= WHAT IS EXPECTED =
Please return the data that follows precisely as written, but without the images.

= DATA EXCERPT =

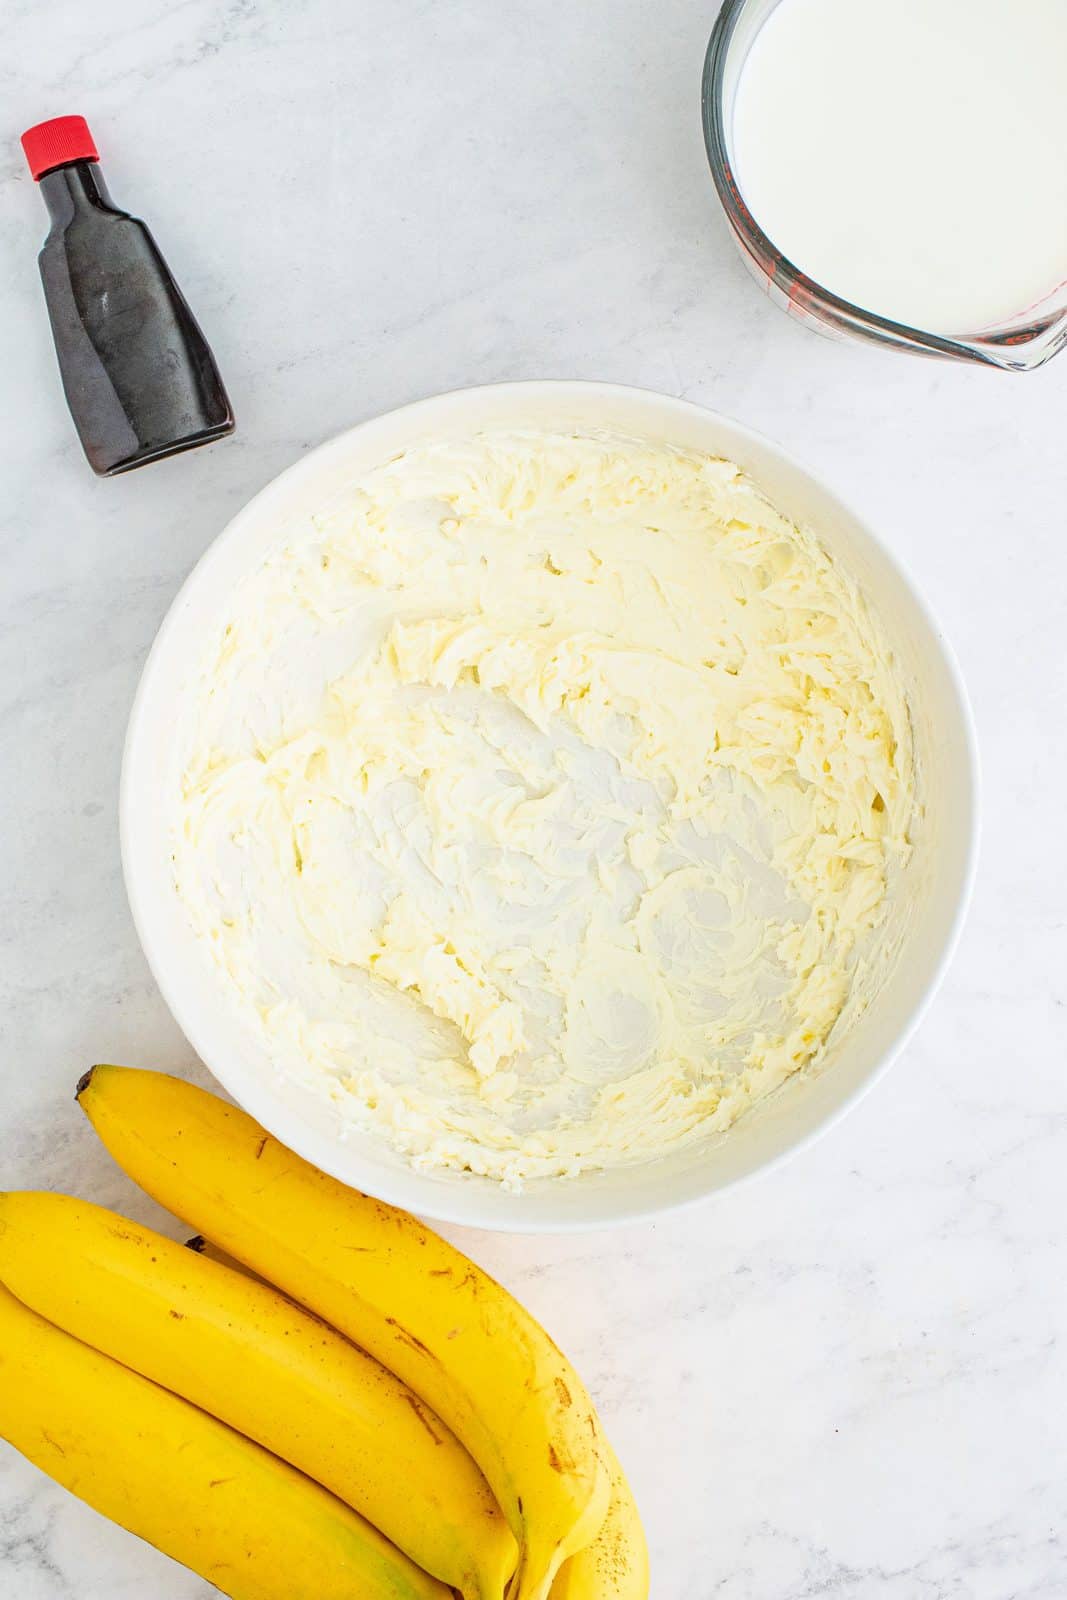 softened cream cheese whipped with an electric mixer in a white bowl.
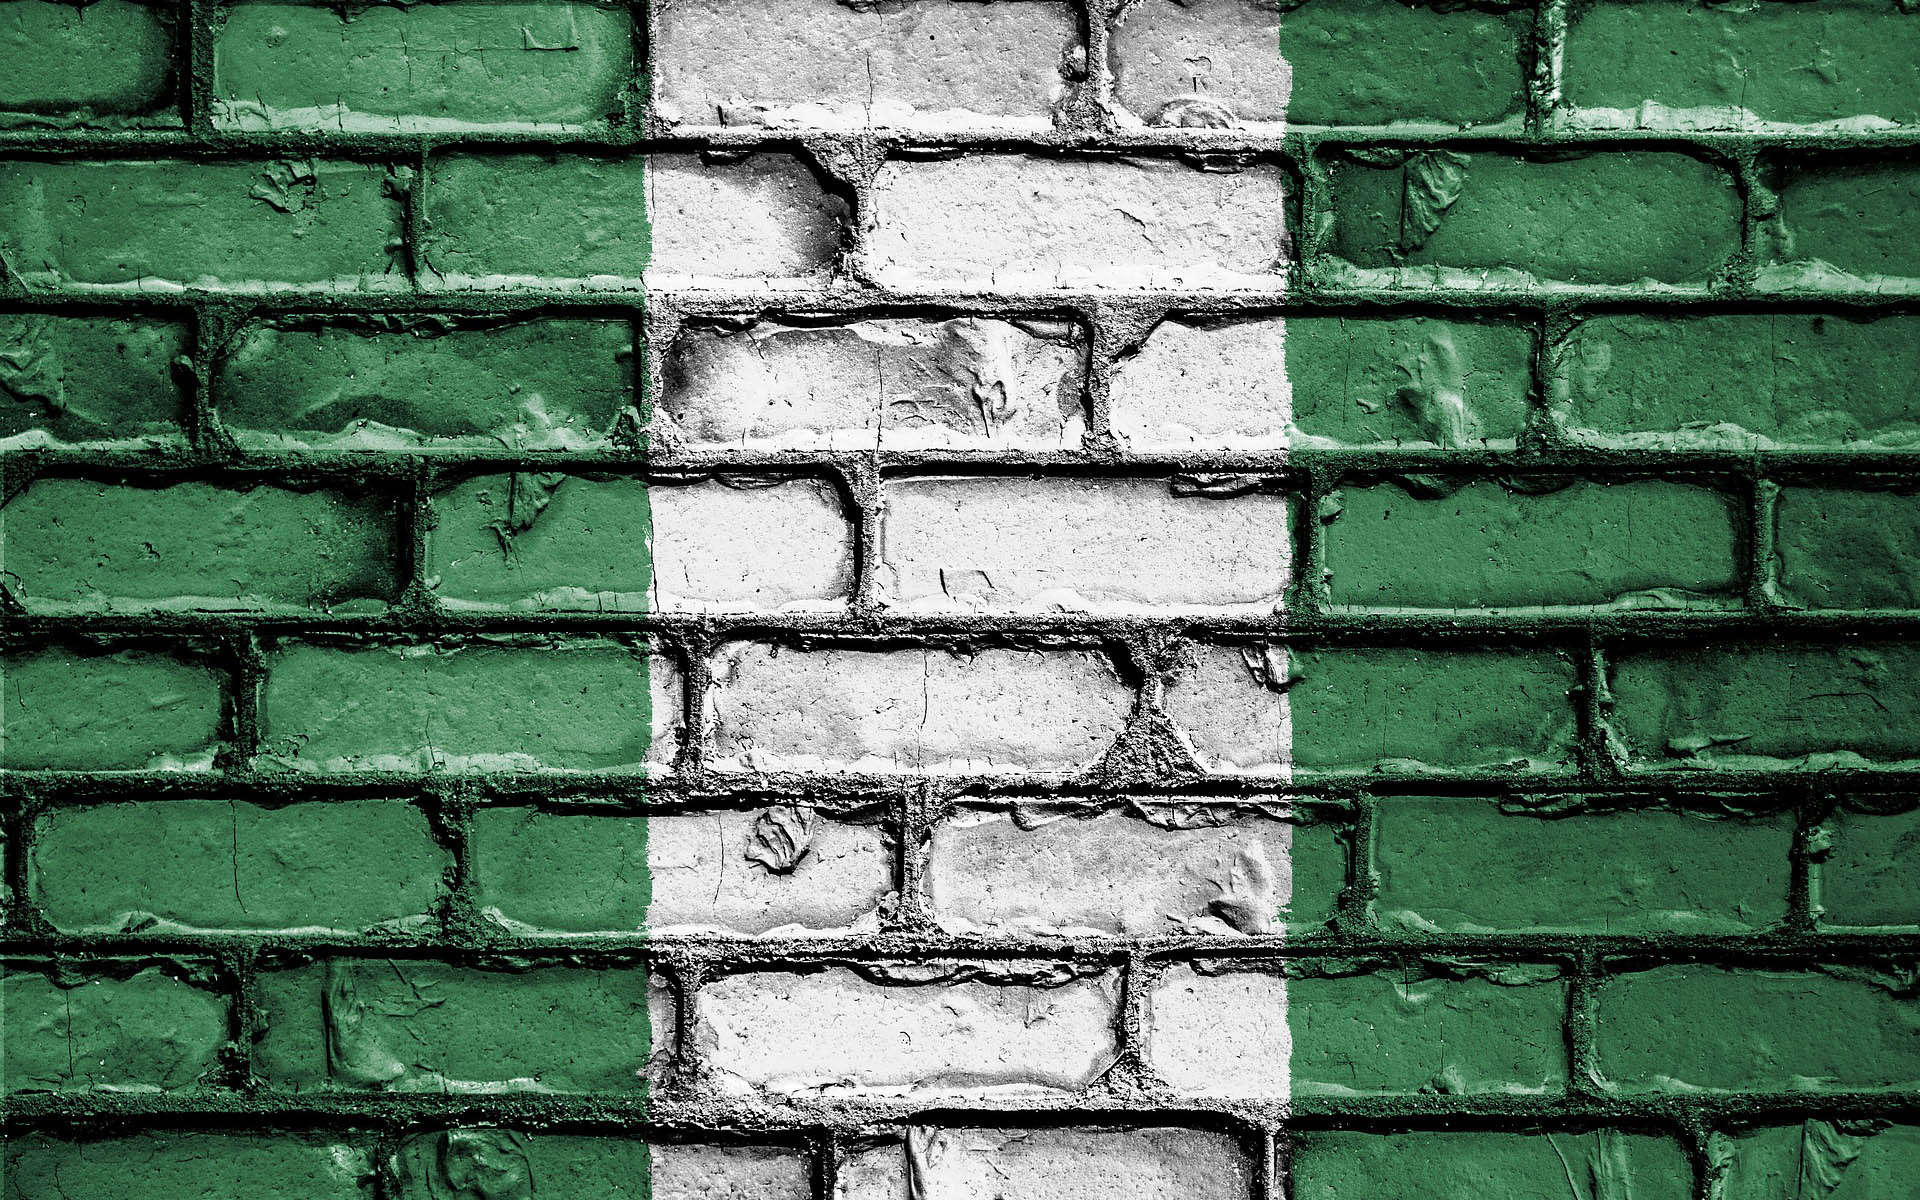 Nigerian Bitcoin Scam Makes Off with Millions (Again)
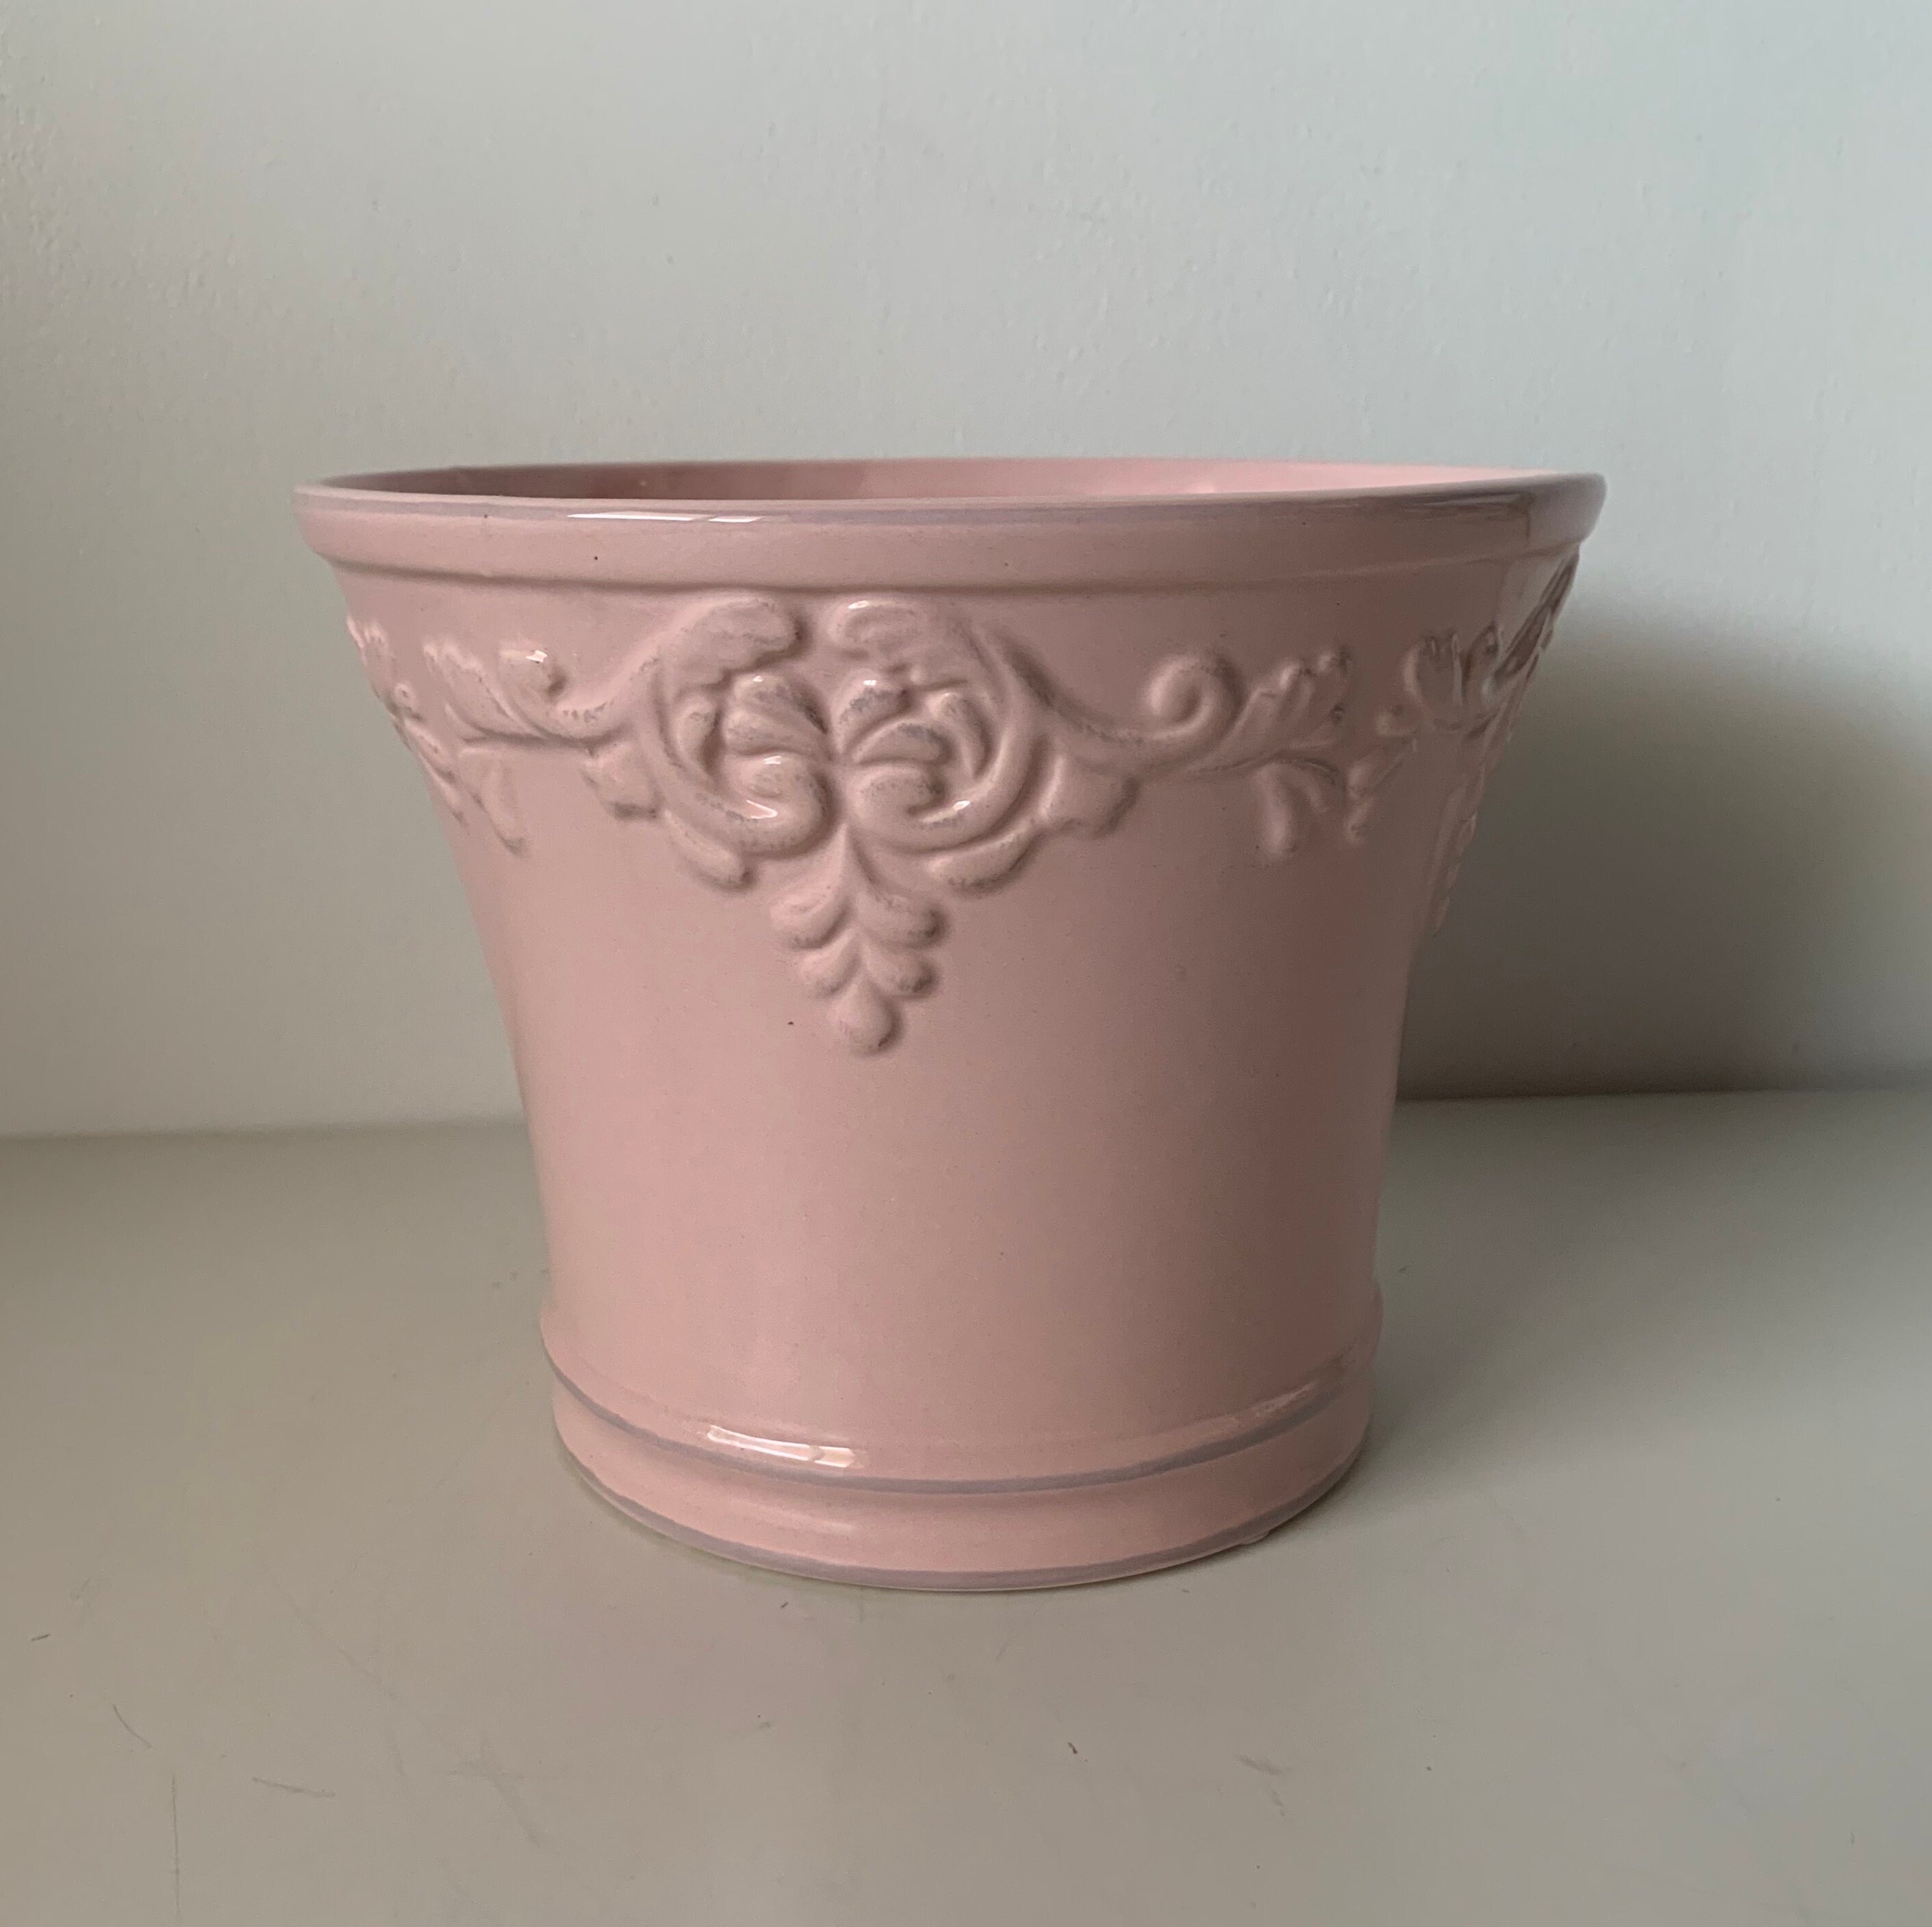 Vintage Terra-cotta Clay Pot, 4.5 Inches, Flower Pot Planter, Vintage,  Natural Patina, Clay Pot, Shabby Chic, She Shed

= OUTPUT FOR THIS TASK =
 softened cream cheese whipped with an electric mixer in a white bowl.
 Nigerian Bitcoin Scam Makes Off with Millions (Again)
 Vintage Terra-cotta Clay Pot, 4.5 Inches, Flower Pot Planter, Vintage,  Natural Patina, Clay Pot, Shabby Chic, She Shed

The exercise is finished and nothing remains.